Выступление на тему:

Принципы развития современного понимания культуры

Необходимость развития понимания культуры очевидна, прежде всего, потому, что сегодня не существует какого-то единого ясного ее понимания. В результате осложнены и научное общение, и преподавание культурологических дисциплин. И при осмыслении истории культуры возникает вопрос, а каково исходное понимание культуры, историю чего мы изучаем и осмысляем. И в попытках представить себе и оценить нынешнее состояние культуры, в том числе российской, – та же трудность.

В XVIII, да и в XIX веке, при всех различиях во взглядах на культуру, было, в общем, известно, что это такое. Слово культура обозначало «возделанность» общества, человека и его мира. Возделанность, имевшую в основе своей развитие разумности, просвещенности, нравственности, движения к свободе. Как писал Э. Тайлор: «общее усовершенствование человеческого рода путем высшей организации человека и целого общества с целью одновременного содействия развитию нравственности, силы и счастья человека»1. Единственным мыслителем, кто сомневался в этом, был Ж.-Ж. Руссо, но его позиция выглядела исключительной.

Развитие культуры виделось переходным от низших ступеней к высшим, – от дикости через варварство к цивилизации. Слово «цивилизация» употреблялось или в качестве синонима в отношении к слову «культура», или как обозначение высшей ступени культурности. Цивилизованность и культурность по смыслу практически совпадали. И хотя уже знали о возможности издержек цивилизационного прогресса, цивилизованность и культурность рассматривались как благо. Цивилизованный и культурный человек противопоставлялся человеку дикому, грубому, неразвитому.

Однако некоторые мыслители второй половины XIX века, и особенно те, кто размышлял о культуре в начале века XX (после Первой мировой войны), пришли к другим представлениям о культуре и ее развитии. К таким, согласно которым культура вовсе не очевидное благо. В своем развитии она изменяется не только к лучшему. Напротив, конкретные культуры, развиваясь, доходят до стадии цивилизации, которая представляет собой этап вырождения, деградации, загнивания (О. Шпенглер) культуры. Цивилизация при этом продолжает рассматриваться как момент развития культуры, но уже в качестве не высшего ее уровня, а обнаружения исчезновения живой культуры, ее умирания. То, что происходило в жизни Европы, в жизни западной цивилизации и в ее связях с другими культурами, явно подтверждало вышесказанное.

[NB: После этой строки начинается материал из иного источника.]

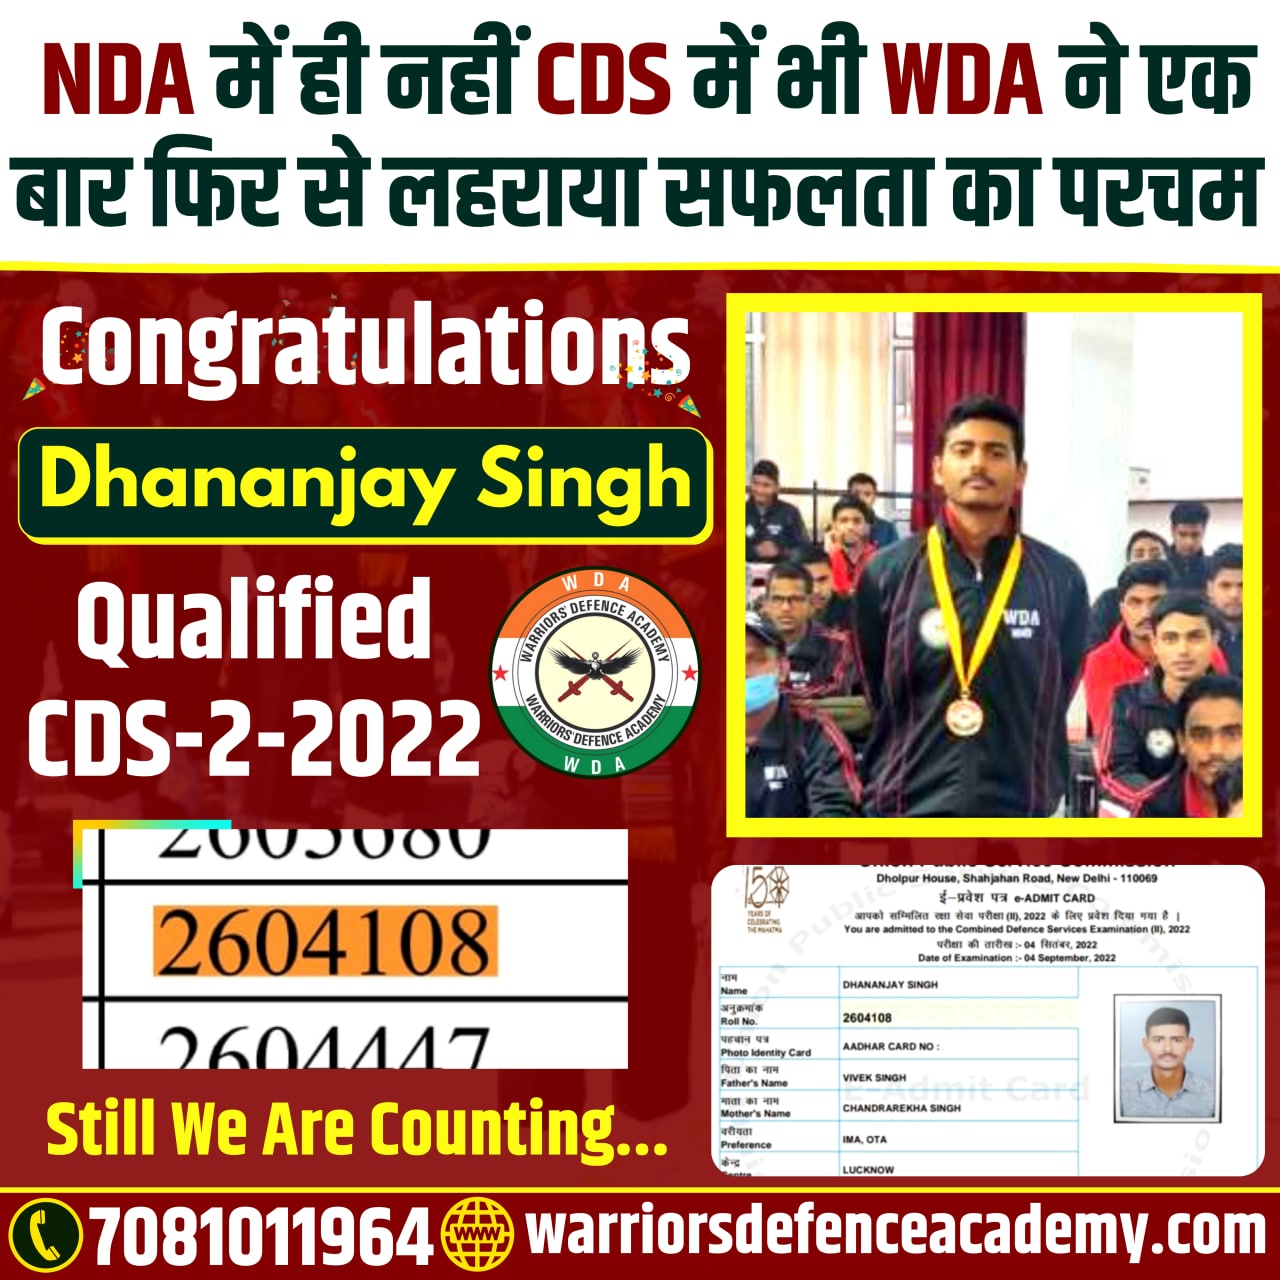 Best Defence Academy in Lucknow

Понятие «культура» (тем более цивилизация) потеряло ореол освященности. Взгляд на культуру как на нечто очевидно полезное и прекрасное показался проявлением исследовательского идеализма и субъективизма. З. Фрейд призывал преодолеть предрассудок, согласно которому культура – самое драгоценное наше состояние.

Плюс к этому, прогресс в развитии естественных наук начал сказываться в сфере гуманитарного знания, которое стремилось стать максимально объективным и продуктивным. Общие, благие, чаще всего эмоциональные рассуждения о культуре и ее явлениях могли оставаться уделом некоторых исследователей. Но центр исследовательских интересов переместился в поле прагматичного изучения отдельных конкретных явлений культуры (прошлой и современной), которая трактовалась все шире и шире. Под культурой многие постепенно стали понимать весь неприродный мир, все искусственное. Наряду с культурой духовной выделили культуру материальную. Слова цивилизация и культура, цивилизованность и культурность, снова зазвучали как просто синонимы.

Особые позиции остались у последователей неокантианцев и иррационалистов. Для них и сегодня характерно понимание культуры как именно духовной и внимание к ценностям, к их особому «царству», которое и есть основное в культуре. Существенным для обогащения представлений о культуре стало развитие лингвистики и семиотики.

В целом же в XX веке понятие «культура» стало предельно многозначным, утратив всякую содержательную определенность. Недаром по разным подсчетам на сегодняшний день одних определений культуры – от 250 до 500 с лишним. Конечно, многие из них близки по смыслу. Разных пониманий культуры значительно меньше. Но часть из них разнится настолько, что исходя из одного, мы получаем один ряд явлений, которые могут называться культурными, исходя из другого – другой ряд. Тогда вопрос: что же мы изучаем, изучая культуру?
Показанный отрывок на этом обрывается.